A: Classical irregular whorled pattern; B, C, D: Patterns of nodules; E, F: Trabecular structures; G: Characteristics of multiple patterns. This example shows a trabecular/nodular pattern; H: Not categorized. This example shows a tightly gyrated pattern. I: Myometrial tissue shown for comparison. Note the seedling fibroid embedded in the tissue (white appearance). Ruler (cm) shown for size.
Fig 2
Fig 2. Representative samples of Masson trichrome-stained fibroid tissues (collagen stained blue-green; muscle cells stained red) examined under digital microscopy (20x).
Samples (approx. 1x1 cm) from 2 different fibroids were chosen representing a high collagen content (A:14–3) and a relatively low collagen content (B:15–2). The circular holes are due to 5 mm punches taken for rheometry before samples were fixed and stained. Collagen was quantified using pixel counts and is denoted underneath each sample.
Fig 3
Fig 3. Stiffness and percent collagen in fibroids.

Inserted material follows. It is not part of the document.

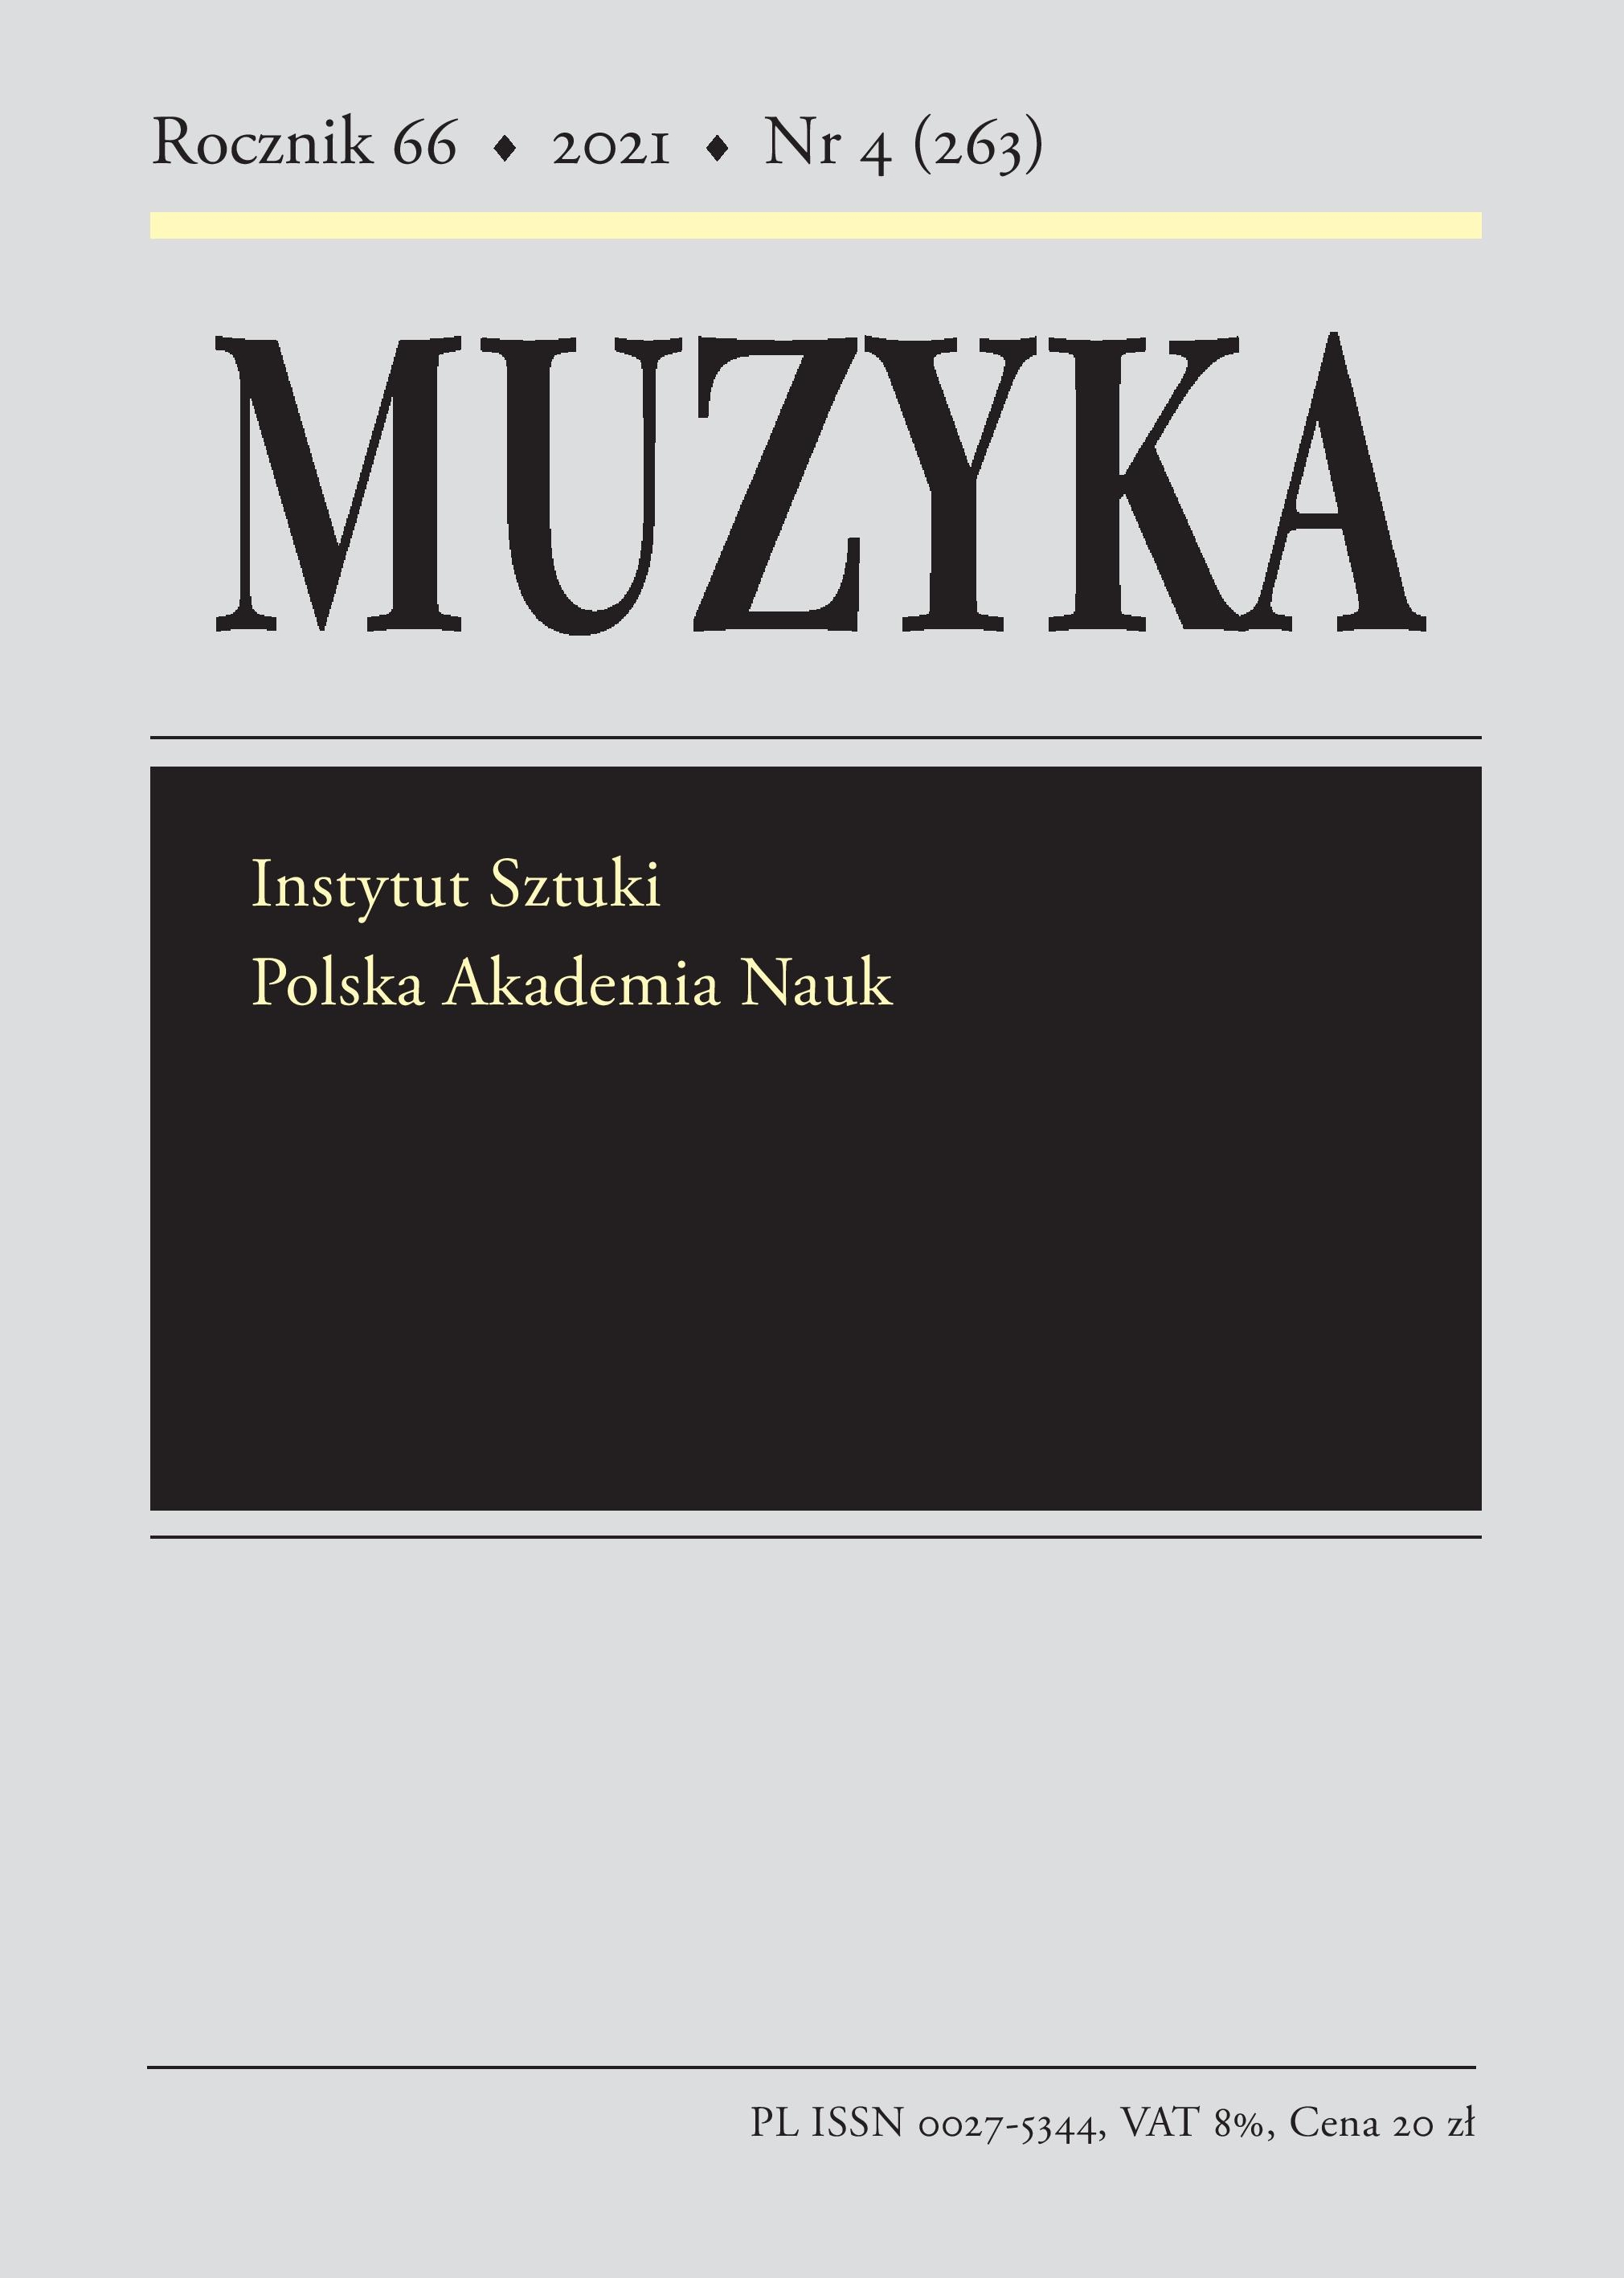 „Witold Lutosławski. Correspondence with His Western Publishers and Managers. 1966–1994”, red. Zbigniew Skowron, T. 1–2, Kraków 2018

Columns represent mean tissue stiffness (complex shear modulus [kPa]) in 19 fibroid slices from 8 different subjects. X-axis labels indicate the subject number followed by the fibroid number. Five subjects contributed more than one fibroid to the study. Error bars indicate within-fibroid variability (SD). The pink line represents percent collagen in each fibroid slice as determined by analysis of Masson trichrome staining. The correlation coefficient of stiffness to percent collagen was 0.22.
Fig 4
Fig 4. SDS-PAGE analysis of collagen in a representative fibroid sample.
Lane A: Total collagen extract under non-reducing conditions. Lane B: Total collagen extract under reducing conditions (with TCEP). Lane C: Collagen extract depleted of type V by selective salt precipitation. Lane D: Collagen extract enriched in type V by selective salt precipitation. Sample shown is from 395-E.